# Punch Card Pattern Swap:)



## KateWood (Apr 30, 2011)

I've been thinking about how a swap for KM pattern cards could be accomplished, or if anyone is interested in adding to their stitch libraries by sharing copies of their cards with others. Organized by each pattern cards stitch repeat, ie. 12, 24 & 30.


----------



## dolores angleton (Mar 21, 2011)

I am no where in the league of you brilliant ladies but ,Have a fairly good stash of 24's. would be glad to participate if it can be worked out and I dont think we would be infringing on any patent laws.


----------



## ria1 (Jun 15, 2011)

I would like to participate too if this is a possibility please regards


----------



## euvid (Apr 2, 2011)

copywrite laws stnd for 50 years but since they are not being made anymore it would be o.k. as long as SIlver Reed is not still making them.


----------



## itzzbarb (May 21, 2011)

I am interested in the swap. Recently I bought 2 sets of punch cards on ebay. Only problem is.......one set the pattern book does not match with the punch card designs, and the other set, the pattern book is in Chinese!! Go figure.


----------



## euvid (Apr 2, 2011)

I have some CHinese or I think they are Japanese. THEy show you the picutures and how the coard is punched, so it really doesn't matter what language it is. You just copy it onto a blank card.


----------



## itzzbarb (May 21, 2011)

euvid said:


> I have some CHinese or I think they are Japanese. THEy show you the picutures and how the coard is punched, so it really doesn't matter what language it is. You just copy it onto a blank card.
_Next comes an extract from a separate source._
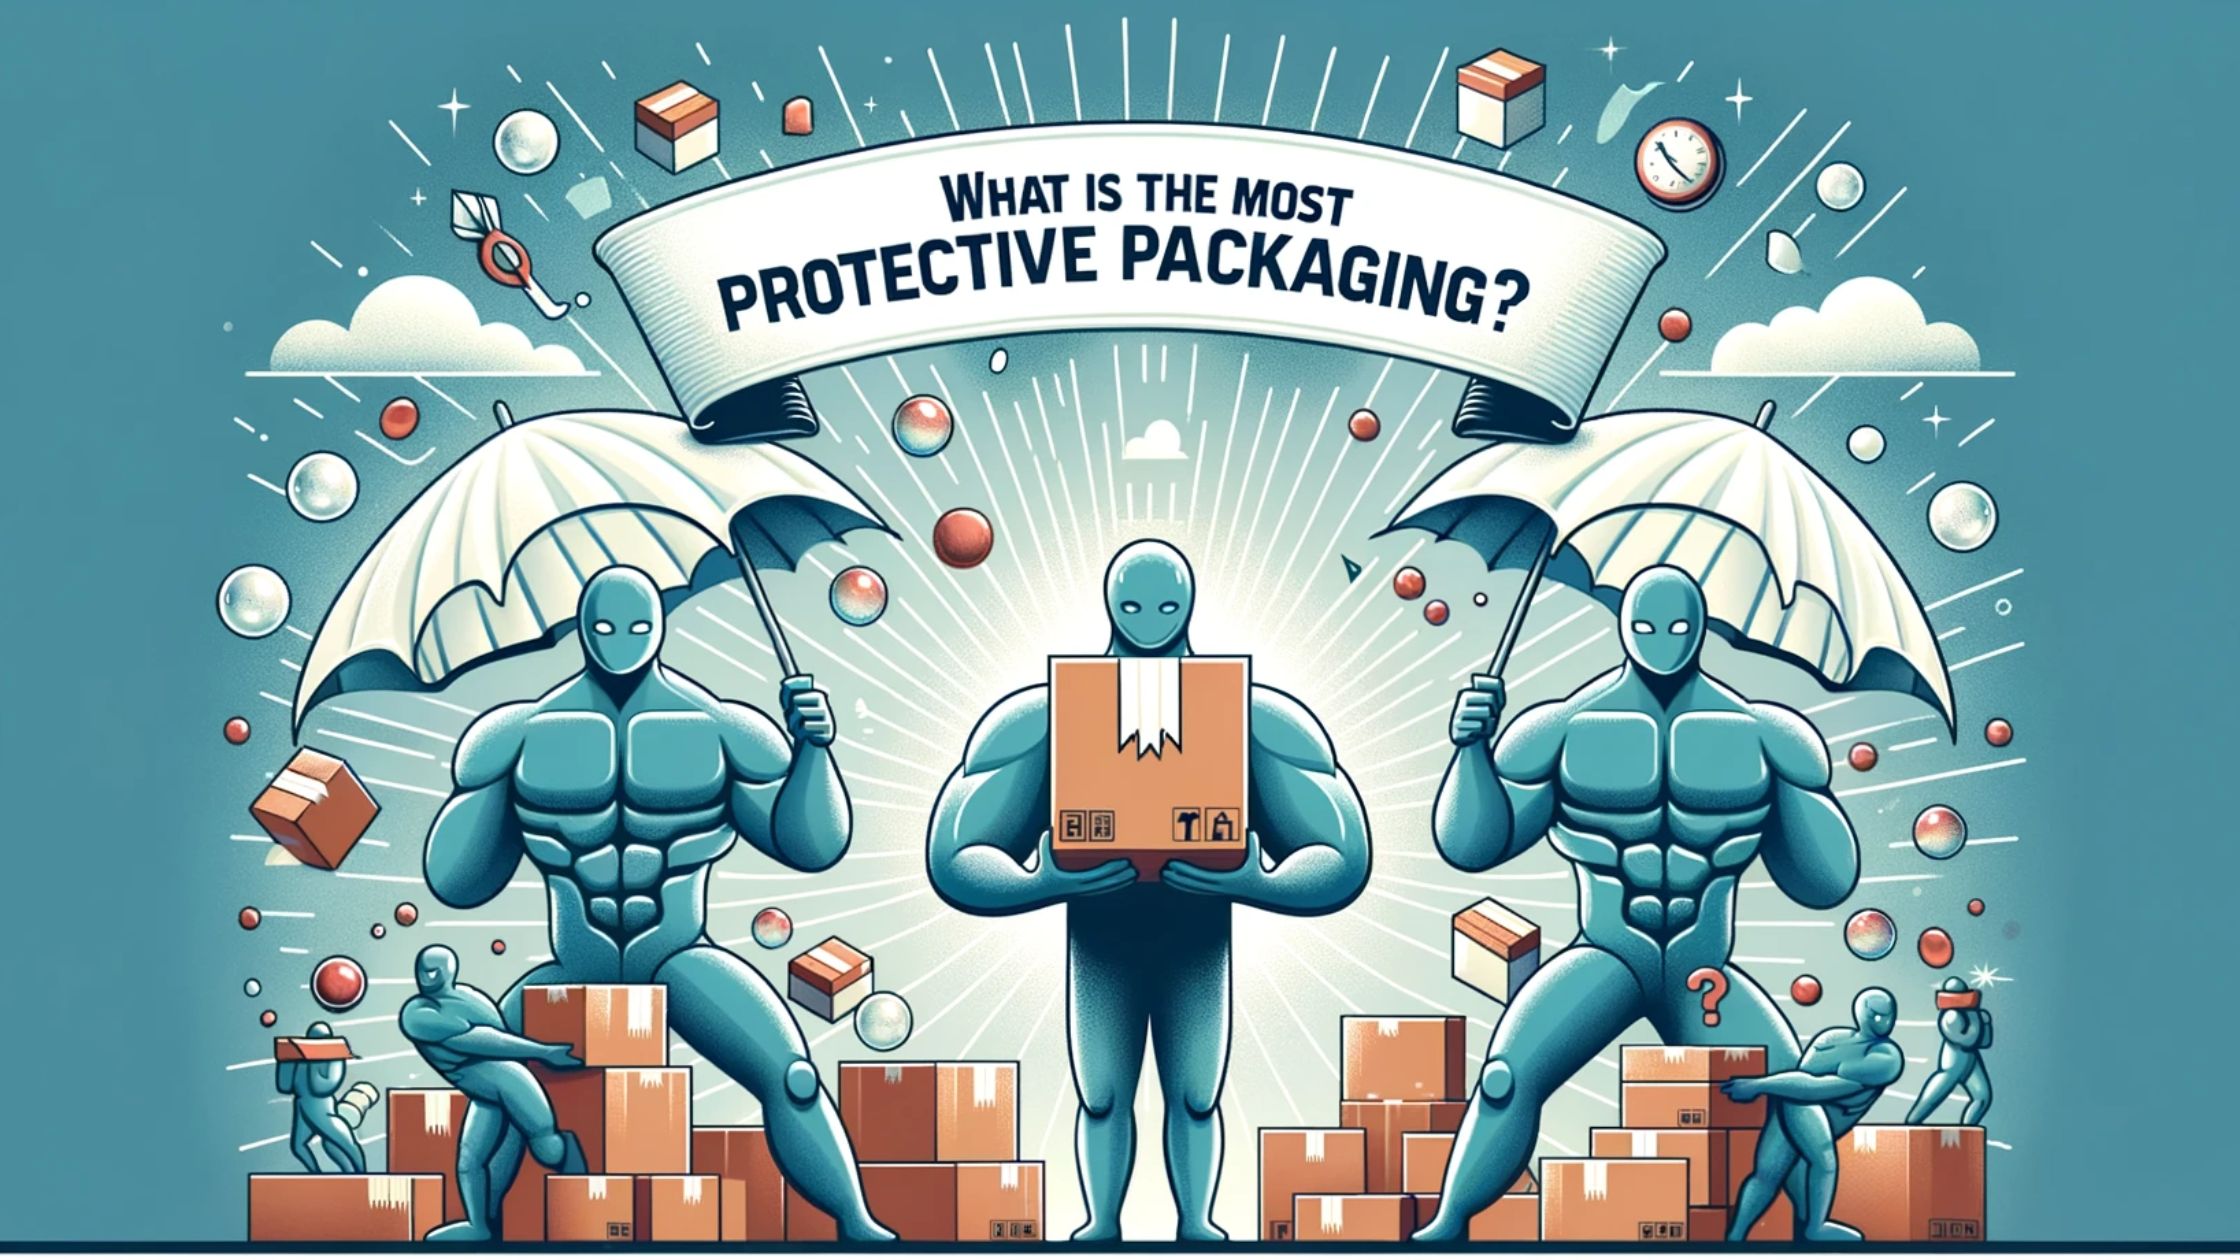 What Is the Most Protective Packaging?

Yes, but what about carriage settings? Nothing in English so how do you know what settings to use?


----------



## euvid (Apr 2, 2011)

Haaven't done it yet so I don't know. but I assume you can tell by the photo of the design if it is tuck or faire Aisle? THen you look in your instruction book and see how to set it up. I will check with my teacher next week if no one answers.


----------



## Beth Standing (Mar 22, 2011)

What a brilliant idea, I would love to


----------



## itzzbarb (May 21, 2011)

euvid said:


> Haaven't done it yet so I don't know. but I assume you can tell by the photo of the design if it is tuck or faire Aisle? THen you look in your instruction book and see how to set it up. I will check with my teacher next week if no one answers.


Great, thanks!


----------



## Entity (Sep 13, 2011)

I recently purchase this book (hard cover) that it is full of punch card patterns: The Complete "Harmony" Guide to Machine Knitting Stitches and Designs.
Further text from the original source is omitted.